▶ **Work order**
Each line of the entries, from the first to the line containing "TOMS Kids Classic Slip-Ons Loafers", is to be transcribed exactly as it stands; include no other lines.

▶ **Input**
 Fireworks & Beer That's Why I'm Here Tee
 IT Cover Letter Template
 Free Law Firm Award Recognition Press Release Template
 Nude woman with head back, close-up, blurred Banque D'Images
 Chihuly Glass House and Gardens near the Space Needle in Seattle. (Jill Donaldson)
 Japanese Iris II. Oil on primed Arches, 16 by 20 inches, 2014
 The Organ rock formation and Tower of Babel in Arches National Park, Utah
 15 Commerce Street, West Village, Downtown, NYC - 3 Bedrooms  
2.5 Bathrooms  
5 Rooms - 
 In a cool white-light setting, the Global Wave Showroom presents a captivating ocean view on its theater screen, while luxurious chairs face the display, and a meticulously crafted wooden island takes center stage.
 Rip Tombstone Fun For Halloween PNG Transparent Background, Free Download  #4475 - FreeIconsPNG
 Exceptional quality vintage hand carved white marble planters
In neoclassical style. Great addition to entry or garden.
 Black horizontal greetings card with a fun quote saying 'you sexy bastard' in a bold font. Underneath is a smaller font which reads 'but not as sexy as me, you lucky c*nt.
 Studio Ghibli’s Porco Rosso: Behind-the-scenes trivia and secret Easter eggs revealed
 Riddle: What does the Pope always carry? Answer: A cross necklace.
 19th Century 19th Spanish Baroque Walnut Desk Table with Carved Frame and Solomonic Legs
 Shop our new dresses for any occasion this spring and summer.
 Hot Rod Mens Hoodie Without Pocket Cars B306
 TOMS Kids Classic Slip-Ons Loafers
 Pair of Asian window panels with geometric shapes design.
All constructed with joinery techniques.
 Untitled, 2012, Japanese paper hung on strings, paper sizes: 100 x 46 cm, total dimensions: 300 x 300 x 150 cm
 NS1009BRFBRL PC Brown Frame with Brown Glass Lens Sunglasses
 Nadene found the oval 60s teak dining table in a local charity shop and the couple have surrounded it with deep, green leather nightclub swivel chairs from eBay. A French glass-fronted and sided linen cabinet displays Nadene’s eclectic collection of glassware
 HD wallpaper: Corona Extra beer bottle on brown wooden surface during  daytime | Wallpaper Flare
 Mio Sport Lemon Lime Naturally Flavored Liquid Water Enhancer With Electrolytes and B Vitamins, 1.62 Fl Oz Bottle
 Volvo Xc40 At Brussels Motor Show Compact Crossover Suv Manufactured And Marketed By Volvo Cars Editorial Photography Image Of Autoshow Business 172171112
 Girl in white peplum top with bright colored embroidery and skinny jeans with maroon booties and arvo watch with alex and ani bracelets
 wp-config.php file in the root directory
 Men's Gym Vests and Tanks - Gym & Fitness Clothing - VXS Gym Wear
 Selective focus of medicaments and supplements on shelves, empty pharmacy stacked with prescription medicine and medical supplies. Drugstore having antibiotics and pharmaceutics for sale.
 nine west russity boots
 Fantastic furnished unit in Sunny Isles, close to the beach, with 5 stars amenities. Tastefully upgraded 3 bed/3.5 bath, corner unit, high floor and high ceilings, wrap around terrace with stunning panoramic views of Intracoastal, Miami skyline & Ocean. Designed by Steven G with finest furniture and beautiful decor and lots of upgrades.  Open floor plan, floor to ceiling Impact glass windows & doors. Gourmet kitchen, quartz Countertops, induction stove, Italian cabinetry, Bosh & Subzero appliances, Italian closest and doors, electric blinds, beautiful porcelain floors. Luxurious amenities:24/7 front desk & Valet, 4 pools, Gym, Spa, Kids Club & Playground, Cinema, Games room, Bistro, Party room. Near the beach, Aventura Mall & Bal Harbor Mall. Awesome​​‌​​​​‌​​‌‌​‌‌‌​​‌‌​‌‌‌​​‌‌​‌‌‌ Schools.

▶ **Answer for this exercise**
 Fireworks & Beer That's Why I'm Here Tee
 IT Cover Letter Template
 Free Law Firm Award Recognition Press Release Template
 Nude woman with head back, close-up, blurred Banque D'Images
 Chihuly Glass House and Gardens near the Space Needle in Seattle. (Jill Donaldson)
 Japanese Iris II. Oil on primed Arches, 16 by 20 inches, 2014
 The Organ rock formation and Tower of Babel in Arches National Park, Utah
 15 Commerce Street, West Village, Downtown, NYC - 3 Bedrooms  
2.5 Bathrooms  
5 Rooms - 
 In a cool white-light setting, the Global Wave Showroom presents a captivating ocean view on its theater screen, while luxurious chairs face the display, and a meticulously crafted wooden island takes center stage.
 Rip Tombstone Fun For Halloween PNG Transparent Background, Free Download  #4475 - FreeIconsPNG
 Exceptional quality vintage hand carved white marble planters
In neoclassical style. Great addition to entry or garden.
 Black horizontal greetings card with a fun quote saying 'you sexy bastard' in a bold font. Underneath is a smaller font which reads 'but not as sexy as me, you lucky c*nt.
 Studio Ghibli’s Porco Rosso: Behind-the-scenes trivia and secret Easter eggs revealed
 Riddle: What does the Pope always carry? Answer: A cross necklace.
 19th Century 19th Spanish Baroque Walnut Desk Table with Carved Frame and Solomonic Legs
 Shop our new dresses for any occasion this spring and summer.
 Hot Rod Mens Hoodie Without Pocket Cars B306
 TOMS Kids Classic Slip-Ons Loafers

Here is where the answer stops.